* _Task description_
Return the records below character for character.

*** The data ***

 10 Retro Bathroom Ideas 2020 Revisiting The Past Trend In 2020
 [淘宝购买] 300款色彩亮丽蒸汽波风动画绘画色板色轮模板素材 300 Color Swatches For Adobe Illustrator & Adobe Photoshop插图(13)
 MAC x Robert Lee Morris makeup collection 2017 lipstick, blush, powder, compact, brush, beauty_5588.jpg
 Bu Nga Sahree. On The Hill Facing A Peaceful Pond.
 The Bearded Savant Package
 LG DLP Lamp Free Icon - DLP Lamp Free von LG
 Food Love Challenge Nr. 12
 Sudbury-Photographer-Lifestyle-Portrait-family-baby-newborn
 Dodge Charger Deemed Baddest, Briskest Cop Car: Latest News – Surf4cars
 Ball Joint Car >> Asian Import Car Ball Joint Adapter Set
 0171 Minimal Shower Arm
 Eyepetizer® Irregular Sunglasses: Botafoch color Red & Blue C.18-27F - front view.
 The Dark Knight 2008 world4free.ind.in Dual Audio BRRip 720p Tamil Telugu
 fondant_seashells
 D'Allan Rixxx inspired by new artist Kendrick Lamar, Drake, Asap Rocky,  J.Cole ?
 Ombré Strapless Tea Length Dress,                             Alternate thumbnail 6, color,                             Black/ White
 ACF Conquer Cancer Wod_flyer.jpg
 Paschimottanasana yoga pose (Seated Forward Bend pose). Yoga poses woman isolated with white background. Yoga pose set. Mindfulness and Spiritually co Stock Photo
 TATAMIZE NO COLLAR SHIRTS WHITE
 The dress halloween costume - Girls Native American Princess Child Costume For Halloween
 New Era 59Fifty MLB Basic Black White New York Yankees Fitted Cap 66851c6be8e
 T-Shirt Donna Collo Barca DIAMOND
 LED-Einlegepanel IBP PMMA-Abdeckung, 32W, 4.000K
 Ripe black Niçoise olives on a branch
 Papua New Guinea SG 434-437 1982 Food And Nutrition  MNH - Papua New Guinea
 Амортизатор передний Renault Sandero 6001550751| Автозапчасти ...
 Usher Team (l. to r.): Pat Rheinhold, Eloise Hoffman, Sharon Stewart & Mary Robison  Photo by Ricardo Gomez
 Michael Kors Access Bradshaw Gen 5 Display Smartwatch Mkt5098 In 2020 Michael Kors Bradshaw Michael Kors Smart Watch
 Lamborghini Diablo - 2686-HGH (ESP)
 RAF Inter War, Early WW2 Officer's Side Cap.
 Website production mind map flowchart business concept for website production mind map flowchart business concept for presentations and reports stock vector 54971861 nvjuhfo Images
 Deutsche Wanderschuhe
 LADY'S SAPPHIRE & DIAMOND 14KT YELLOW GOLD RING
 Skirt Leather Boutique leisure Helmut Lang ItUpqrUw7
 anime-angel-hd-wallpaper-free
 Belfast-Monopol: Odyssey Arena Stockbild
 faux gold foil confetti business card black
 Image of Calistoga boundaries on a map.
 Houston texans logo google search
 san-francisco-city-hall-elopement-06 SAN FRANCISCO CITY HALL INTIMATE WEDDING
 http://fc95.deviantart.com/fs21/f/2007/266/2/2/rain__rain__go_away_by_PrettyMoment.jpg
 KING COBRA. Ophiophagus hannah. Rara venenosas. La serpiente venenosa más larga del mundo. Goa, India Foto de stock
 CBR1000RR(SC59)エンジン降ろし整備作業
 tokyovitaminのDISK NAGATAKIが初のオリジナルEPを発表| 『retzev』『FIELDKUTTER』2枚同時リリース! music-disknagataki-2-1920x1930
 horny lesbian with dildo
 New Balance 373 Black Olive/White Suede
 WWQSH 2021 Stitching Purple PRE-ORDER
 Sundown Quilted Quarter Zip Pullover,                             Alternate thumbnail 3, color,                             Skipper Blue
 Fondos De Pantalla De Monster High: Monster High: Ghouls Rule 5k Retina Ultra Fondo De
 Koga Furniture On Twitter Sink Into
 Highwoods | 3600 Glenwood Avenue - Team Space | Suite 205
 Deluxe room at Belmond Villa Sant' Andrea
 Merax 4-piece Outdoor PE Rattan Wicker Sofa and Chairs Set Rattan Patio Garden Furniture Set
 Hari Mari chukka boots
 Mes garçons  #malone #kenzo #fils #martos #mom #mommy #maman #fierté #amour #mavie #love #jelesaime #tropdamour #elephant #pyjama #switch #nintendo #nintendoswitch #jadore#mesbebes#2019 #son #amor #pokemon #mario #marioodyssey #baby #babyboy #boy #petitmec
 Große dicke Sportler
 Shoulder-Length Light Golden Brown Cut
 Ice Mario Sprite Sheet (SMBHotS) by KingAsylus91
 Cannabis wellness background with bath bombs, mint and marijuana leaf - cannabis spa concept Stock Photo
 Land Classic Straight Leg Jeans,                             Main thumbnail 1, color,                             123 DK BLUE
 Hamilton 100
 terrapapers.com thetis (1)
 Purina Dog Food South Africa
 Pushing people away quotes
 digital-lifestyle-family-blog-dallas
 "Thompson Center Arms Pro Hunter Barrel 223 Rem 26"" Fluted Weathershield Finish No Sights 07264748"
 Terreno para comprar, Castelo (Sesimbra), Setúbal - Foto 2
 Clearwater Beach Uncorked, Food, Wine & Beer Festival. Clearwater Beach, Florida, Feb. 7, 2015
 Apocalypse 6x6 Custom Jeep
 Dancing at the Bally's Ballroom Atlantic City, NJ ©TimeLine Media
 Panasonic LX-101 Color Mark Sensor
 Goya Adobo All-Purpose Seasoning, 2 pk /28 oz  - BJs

*** End of The data ***

* _Solution_
 10 Retro Bathroom Ideas 2020 Revisiting The Past Trend In 2020
 [淘宝购买] 300款色彩亮丽蒸汽波风动画绘画色板色轮模板素材 300 Color Swatches For Adobe Illustrator & Adobe Photoshop插图(13)
 MAC x Robert Lee Morris makeup collection 2017 lipstick, blush, powder, compact, brush, beauty_5588.jpg
 Bu Nga Sahree. On The Hill Facing A Peaceful Pond.
 The Bearded Savant Package
 LG DLP Lamp Free Icon - DLP Lamp Free von LG
 Food Love Challenge Nr. 12
 Sudbury-Photographer-Lifestyle-Portrait-family-baby-newborn
 Dodge Charger Deemed Baddest, Briskest Cop Car: Latest News – Surf4cars
 Ball Joint Car >> Asian Import Car Ball Joint Adapter Set
 0171 Minimal Shower Arm
 Eyepetizer® Irregular Sunglasses: Botafoch color Red & Blue C.18-27F - front view.
 The Dark Knight 2008 world4free.ind.in Dual Audio BRRip 720p Tamil Telugu
 fondant_seashells
 D'Allan Rixxx inspired by new artist Kendrick Lamar, Drake, Asap Rocky,  J.Cole ?
 Ombré Strapless Tea Length Dress,                             Alternate thumbnail 6, color,                             Black/ White
 ACF Conquer Cancer Wod_flyer.jpg
 Paschimottanasana yoga pose (Seated Forward Bend pose). Yoga poses woman isolated with white background. Yoga pose set. Mindfulness and Spiritually co Stock Photo
 TATAMIZE NO COLLAR SHIRTS WHITE
 The dress halloween costume - Girls Native American Princess Child Costume For Halloween
 New Era 59Fifty MLB Basic Black White New York Yankees Fitted Cap 66851c6be8e
 T-Shirt Donna Collo Barca DIAMOND
 LED-Einlegepanel IBP PMMA-Abdeckung, 32W, 4.000K
 Ripe black Niçoise olives on a branch
 Papua New Guinea SG 434-437 1982 Food And Nutrition  MNH - Papua New Guinea
 Амортизатор передний Renault Sandero 6001550751| Автозапчасти ...
 Usher Team (l. to r.): Pat Rheinhold, Eloise Hoffman, Sharon Stewart & Mary Robison  Photo by Ricardo Gomez
 Michael Kors Access Bradshaw Gen 5 Display Smartwatch Mkt5098 In 2020 Michael Kors Bradshaw Michael Kors Smart Watch
 Lamborghini Diablo - 2686-HGH (ESP)
 RAF Inter War, Early WW2 Officer's Side Cap.
 Website production mind map flowchart business concept for website production mind map flowchart business concept for presentations and reports stock vector 54971861 nvjuhfo Images
 Deutsche Wanderschuhe
 LADY'S SAPPHIRE & DIAMOND 14KT YELLOW GOLD RING
 Skirt Leather Boutique leisure Helmut Lang ItUpqrUw7
 anime-angel-hd-wallpaper-free
 Belfast-Monopol: Odyssey Arena Stockbild
 faux gold foil confetti business card black
 Image of Calistoga boundaries on a map.
 Houston texans logo google search
 san-francisco-city-hall-elopement-06 SAN FRANCISCO CITY HALL INTIMATE WEDDING
 http://fc95.deviantart.com/fs21/f/2007/266/2/2/rain__rain__go_away_by_PrettyMoment.jpg
 KING COBRA. Ophiophagus hannah. Rara venenosas. La serpiente venenosa más larga del mundo. Goa, India Foto de stock
 CBR1000RR(SC59)エンジン降ろし整備作業
 tokyovitaminのDISK NAGATAKIが初のオリジナルEPを発表| 『retzev』『FIELDKUTTER』2枚同時リリース! music-disknagataki-2-1920x1930
 horny lesbian with dildo
 New Balance 373 Black Olive/White Suede
 WWQSH 2021 Stitching Purple PRE-ORDER
 Sundown Quilted Quarter Zip Pullover,                             Alternate thumbnail 3, color,                             Skipper Blue
 Fondos De Pantalla De Monster High: Monster High: Ghouls Rule 5k Retina Ultra Fondo De
 Koga Furniture On Twitter Sink Into
 Highwoods | 3600 Glenwood Avenue - Team Space | Suite 205
 Deluxe room at Belmond Villa Sant' Andrea
 Merax 4-piece Outdoor PE Rattan Wicker Sofa and Chairs Set Rattan Patio Garden Furniture Set
 Hari Mari chukka boots
 Mes garçons  #malone #kenzo #fils #martos #mom #mommy #maman #fierté #amour #mavie #love #jelesaime #tropdamour #elephant #pyjama #switch #nintendo #nintendoswitch #jadore#mesbebes#2019 #son #amor #pokemon #mario #marioodyssey #baby #babyboy #boy #petitmec
 Große dicke Sportler
 Shoulder-Length Light Golden Brown Cut
 Ice Mario Sprite Sheet (SMBHotS) by KingAsylus91
 Cannabis wellness background with bath bombs, mint and marijuana leaf - cannabis spa concept Stock Photo
 Land Classic Straight Leg Jeans,                             Main thumbnail 1, color,                             123 DK BLUE
 Hamilton 100
 terrapapers.com thetis (1)
 Purina Dog Food South Africa
 Pushing people away quotes
 digital-lifestyle-family-blog-dallas
 "Thompson Center Arms Pro Hunter Barrel 223 Rem 26"" Fluted Weathershield Finish No Sights 07264748"
 Terreno para comprar, Castelo (Sesimbra), Setúbal - Foto 2
 Clearwater Beach Uncorked, Food, Wine & Beer Festival. Clearwater Beach, Florida, Feb. 7, 2015
 Apocalypse 6x6 Custom Jeep
 Dancing at the Bally's Ballroom Atlantic City, NJ ©TimeLine Media
 Panasonic LX-101 Color Mark Sensor
 Goya Adobo All-Purpose Seasoning, 2 pk /28 oz  - BJs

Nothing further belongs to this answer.